Continuing on that theme, he writes: “We are aware that many people don’t believe we should be working with ticket brokers at all. But as long as there is a massive disconnect between supply and demand in live event tickets, there is going to be a secondary market. Choosing not to participate would simply push resale back to those who care less than we do about artists and fans”. Lawyers might call that the ‘Viagogo defence’.

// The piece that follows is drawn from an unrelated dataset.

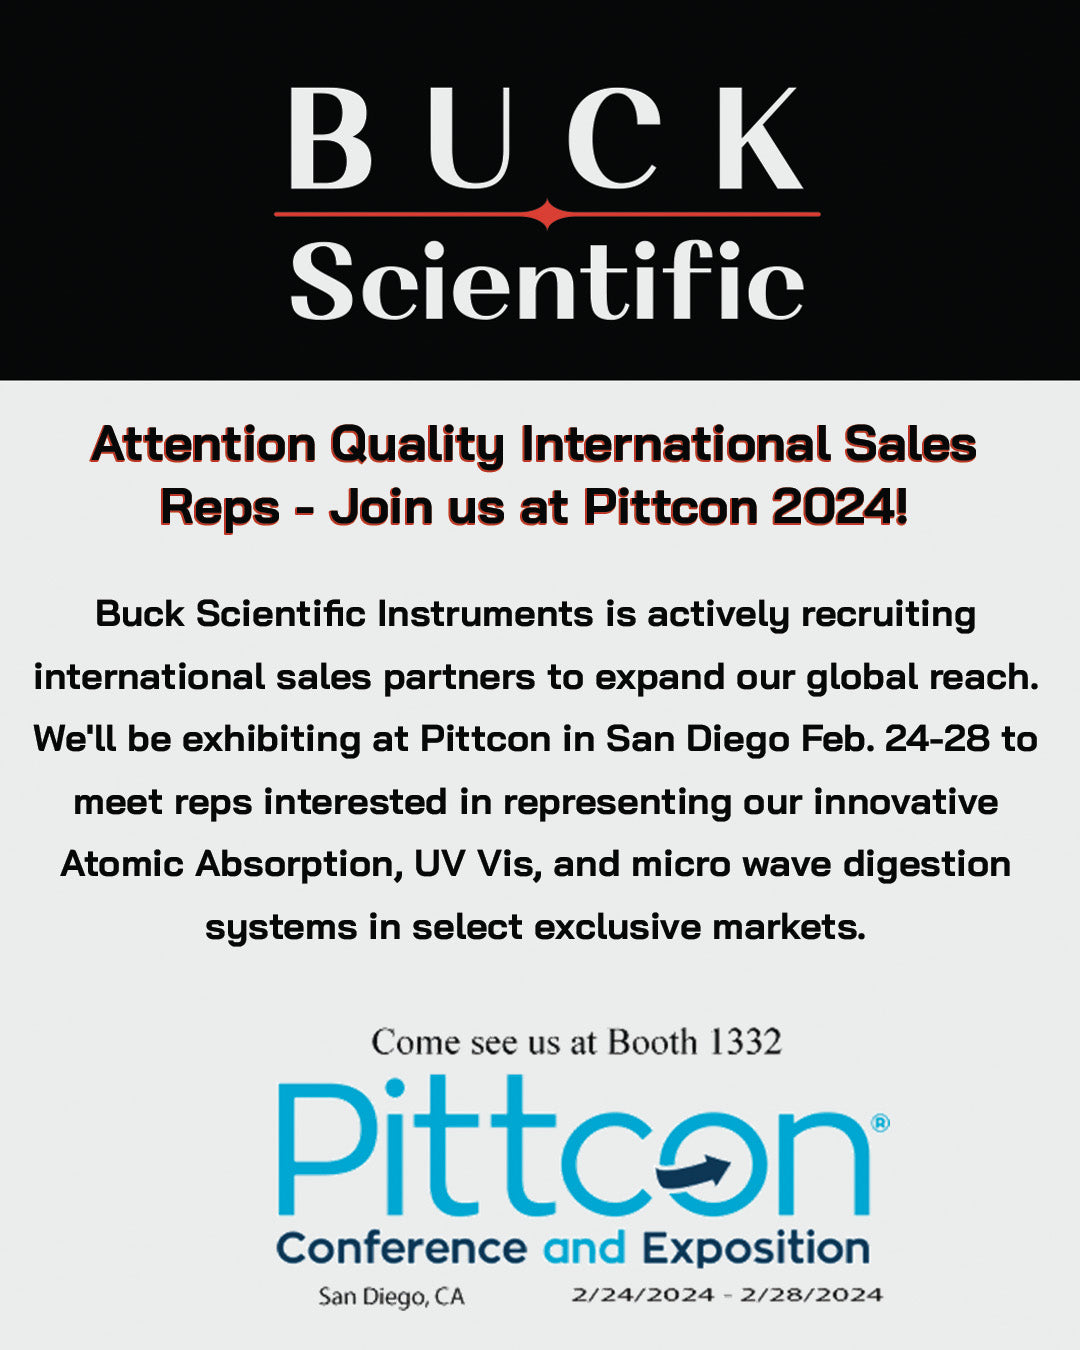 Attention Quality International Sales Reps - Join us at Pittcon 2024!
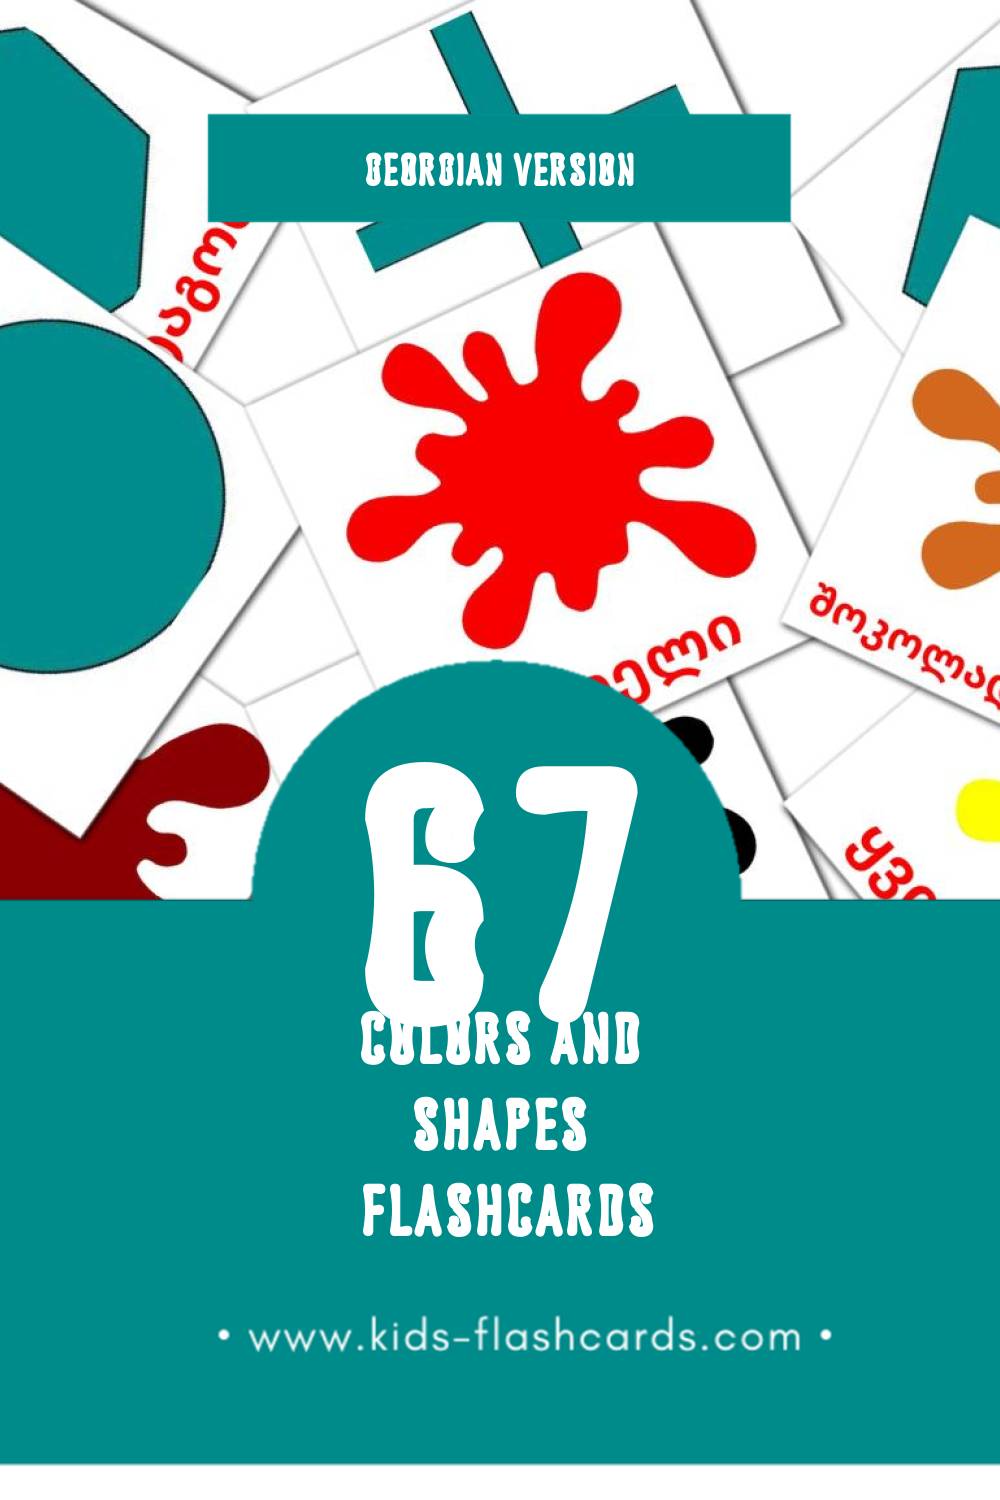 Visual ფერები Flashcards for Toddlers (67 cards in Georgian)

As for the bloody bots, of which TradeDesk is not, remember, Smith then writes: “The frustrating thing about this article is that Ticketmaster is by far the leader in fighting for fans and against scalpers using tools that let them cheat. We have invested more than anyone else in an arms race against the use of bots. We have also worked with multiple regulatory and law enforcement bodies to protect real fans, pursued lawsuits against abusers of our systems and fought hard to help enact the federal law banning the use of bots”.

Concluding Smith states: “Nevertheless, we agree these are important issues that can be complex and confusing. We are committed to helping create more understanding and to building products to do what we can to improve the ticket buying process for all fans”.

Of course, what’s interesting is that while some of what Smith has been saying in the last week relates to the specifics of the American ticketing market, a lot of it echoes arguments previously presented by Ticketmaster in Europe. In particular the line that if a good guy like Ticketmaster isn’t involved in the resale market, it would be dominated by all the bad guys.

That didn’t stop Ticketmaster Europe ultimately bailing on traditional resale declaring: “That’s right, we’ve listened and we hear you: secondary sites just don’t cut it anymore and you’re tired of seeing others snap up tickets just to resell for a profit”.

It remains to be seen if Ticketmaster can weather this storm Stateside and then carry on working with the touts in peace, touting being generally less controversial over there than it has been over here (beyond a little bots bashing). Although if there are anti-touting artists and promoters in America who would like to put the secondary market there under pressure, as has happened in Europe, now might be a good time to rally the troops.